Salient Object Ranking via Cyclical Perception-Viewing Interaction Modeling¶

Conference: ICLR 2026
OpenReview: https://openreview.net/forum?id=RDOlvzwSyF
Code: Yes (Annotated as "Codes are available here", refer to the original paper for the repository address)
Area: Salient Instance Segmentation / Salient Object Ranking
Keywords: Salient Object Ranking, Top-down Cognition, Image Captioning, Cyclical Interaction, Object Query

TL;DR¶

Addressing the long-standing reliance of Salient Object Ranking (SOR) on bottom-up image features, this paper proposes to explicitly model the top-down cognitive process through "Cyclical Perception-Viewing Interaction." By allowing an image captioning module (SP) and a salient ranking module (GR) to iteratively exchange results for \(K\) rounds, the model achieves SA-SOR scores of 0.787 / 0.624 on the ASSR and IRSR benchmarks, outperforming the previous SOTA, QAGNet.

Background & Motivation¶

Background: Salient Object Ranking (SOR) aims to predict the order in which human attention shifts among multiple salient objects during free viewing. It requires both detecting salient instances and assigning a "viewing order." Mainstream approaches like RSDNet, ASRNet, and more recent SeqRank, QAGNet, DSGNN, PoseSOR, and others extract various cues from images: object coordinates, inter-object graph relationships, spatial/object attention, foveal-peripheral vision, scene graphs, object shapes/textures, and even human poses.
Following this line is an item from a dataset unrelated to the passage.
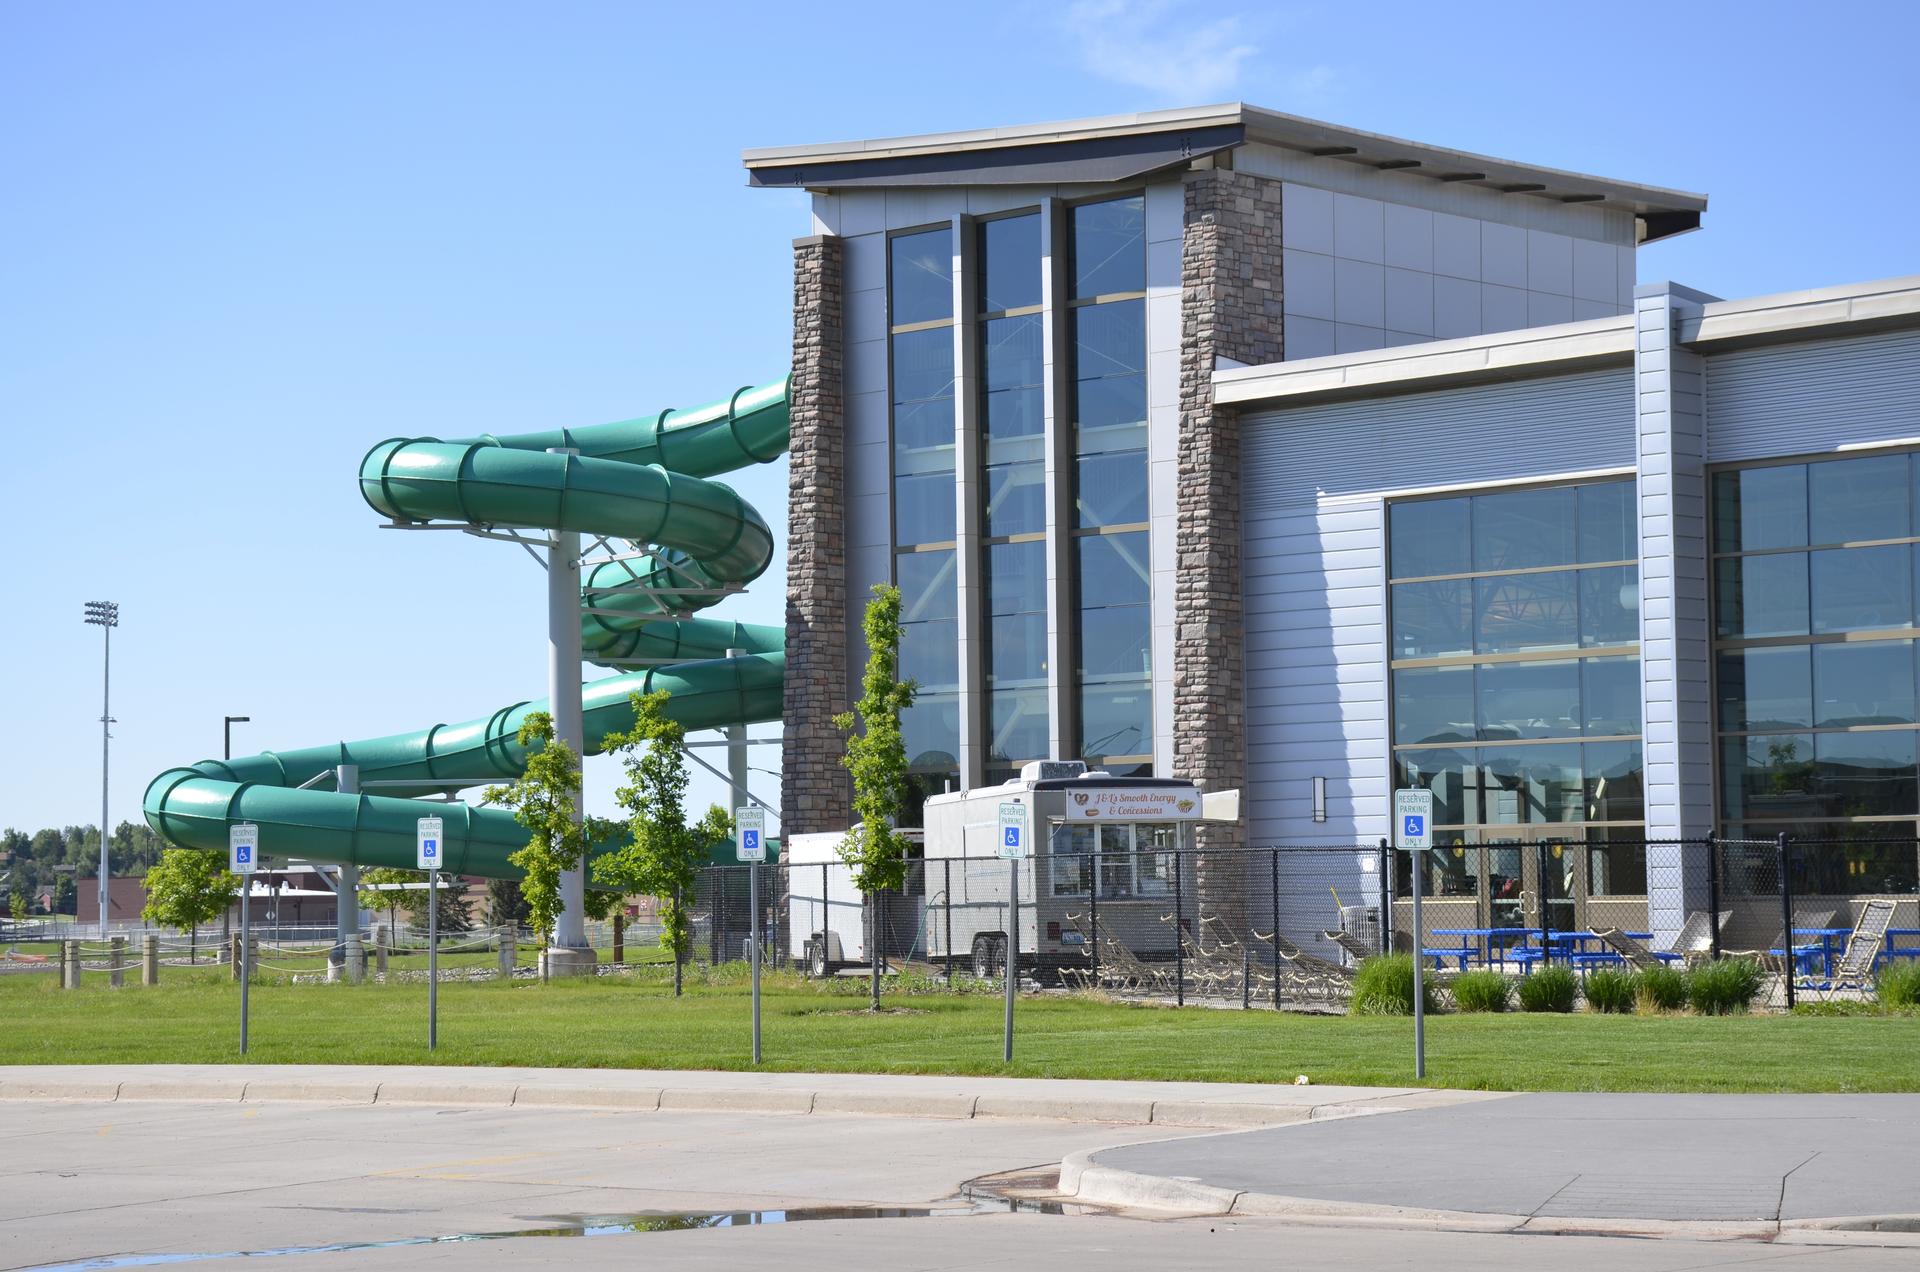 The Campbell County Recreation Center opened in 2010. The 190,000 square-foot facility has a 40-foot climbing wall built to resemble Devil’s Tower, indoor track, lazy river and two water slides.

Limitations of Prior Work: These cues are predominantly bottom-up, originating purely from image pixels or semantic features. In semantically complex scenes, low-level visual cues can be unreliable. For example, in Fig.1 of the paper, PoseSOR incorrectly prioritizes a television because the poses of two people are oriented toward it. Methods relying solely on "intrinsic image" cues like shape and pose often fail to replicate actual human attention shifts.
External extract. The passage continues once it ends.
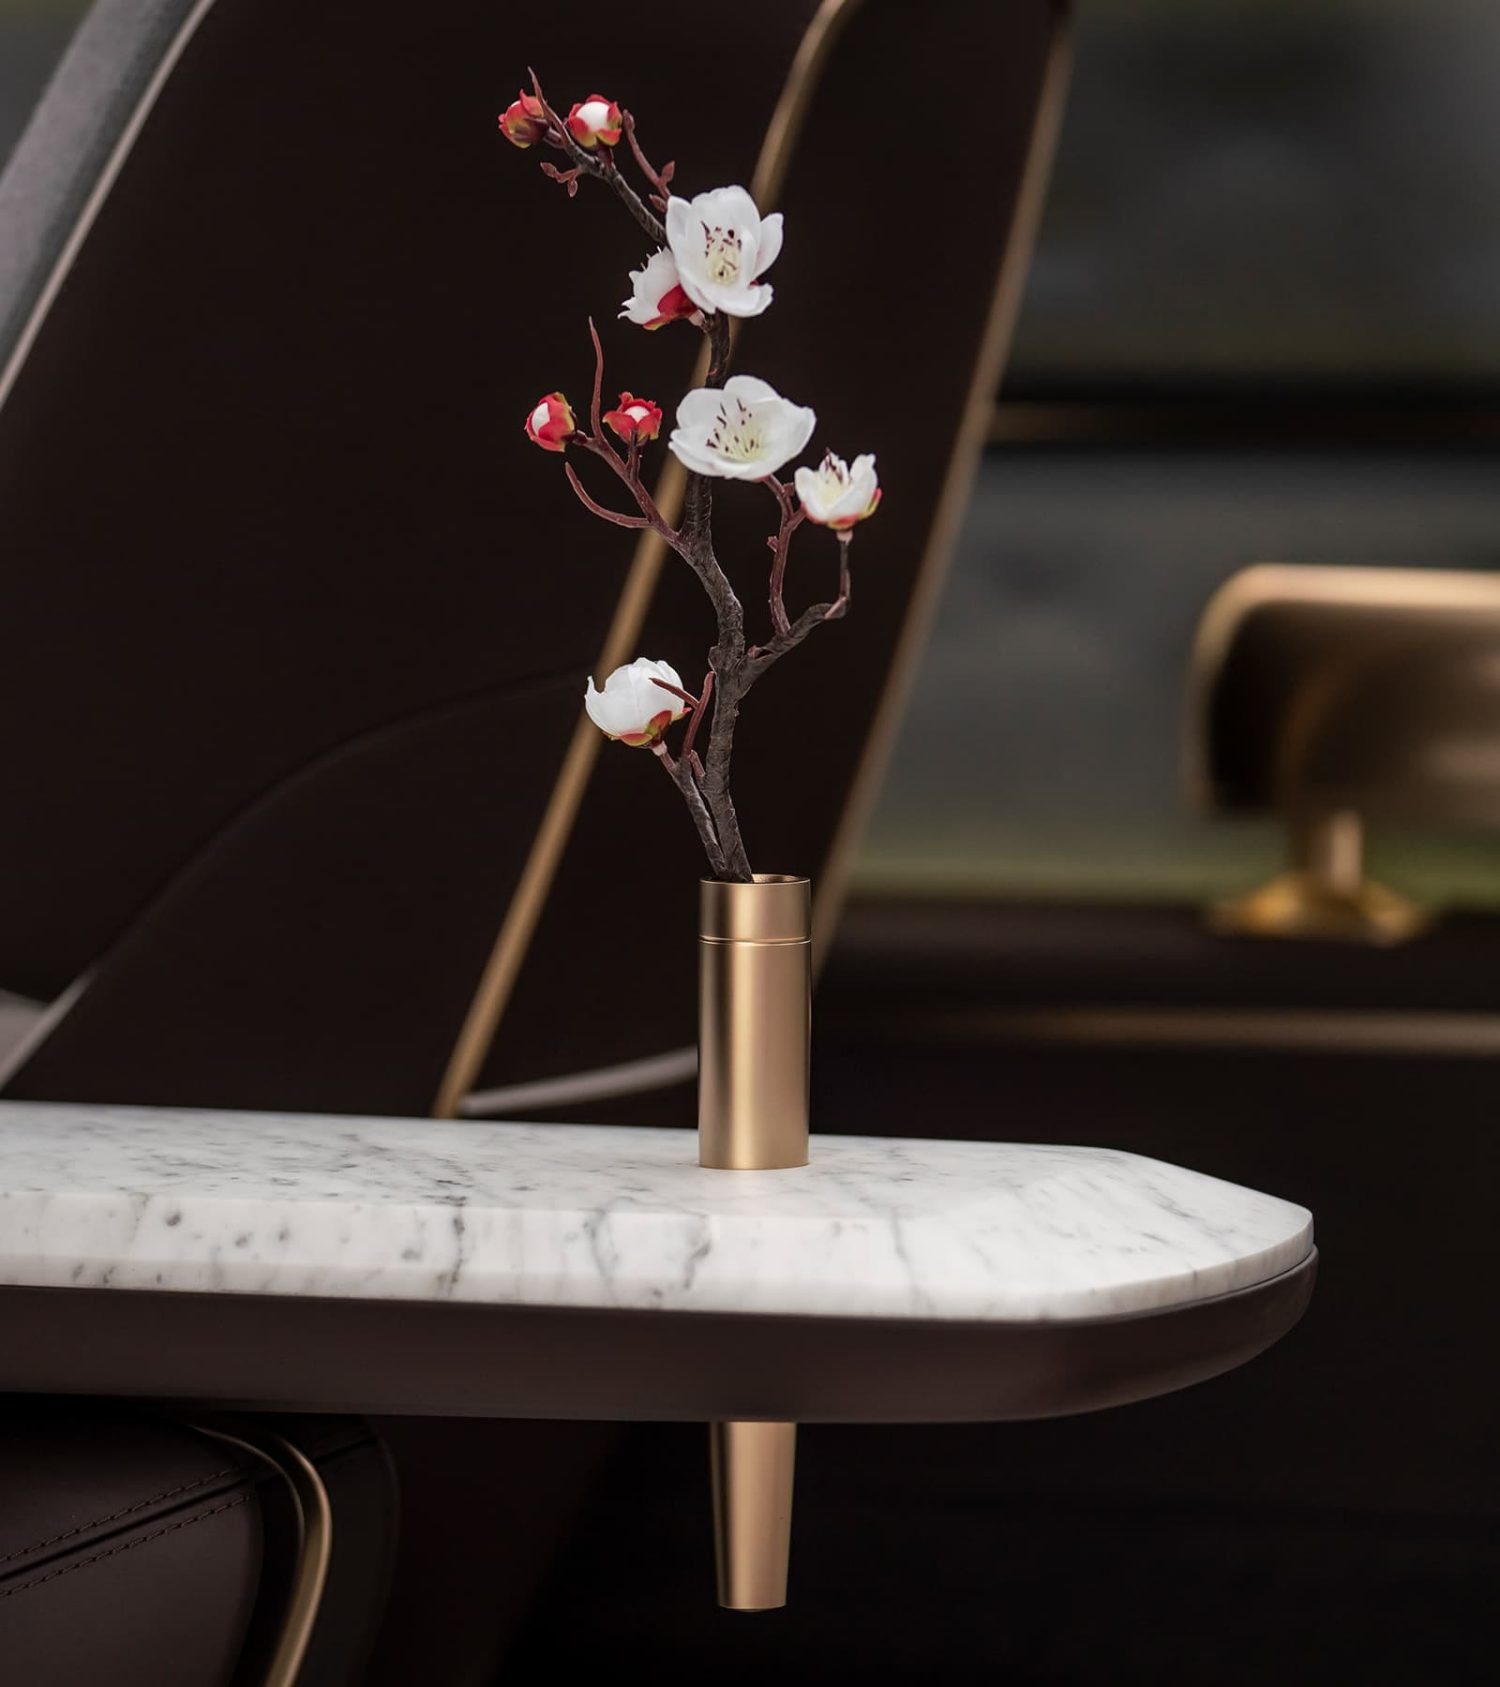 Infiniti QX Inspiration interior divider with flowers

Key Challenge: Cognitive science research indicates that during free viewing, the brain instinctively performs scene perception to maximize understanding, focusing fixations on objects most critical to the global scene context. In other words, human attention shifts are driven by an evolving scene-level understanding (story)—a top-down cognitive pathway that existing SOR methods almost entirely ignore. Perception and viewing interact cyclically: a prediction of the "story" is formed by viewing key objects, which in turn guides where to look next, and the new content subsequently updates the story until a stable state is reached.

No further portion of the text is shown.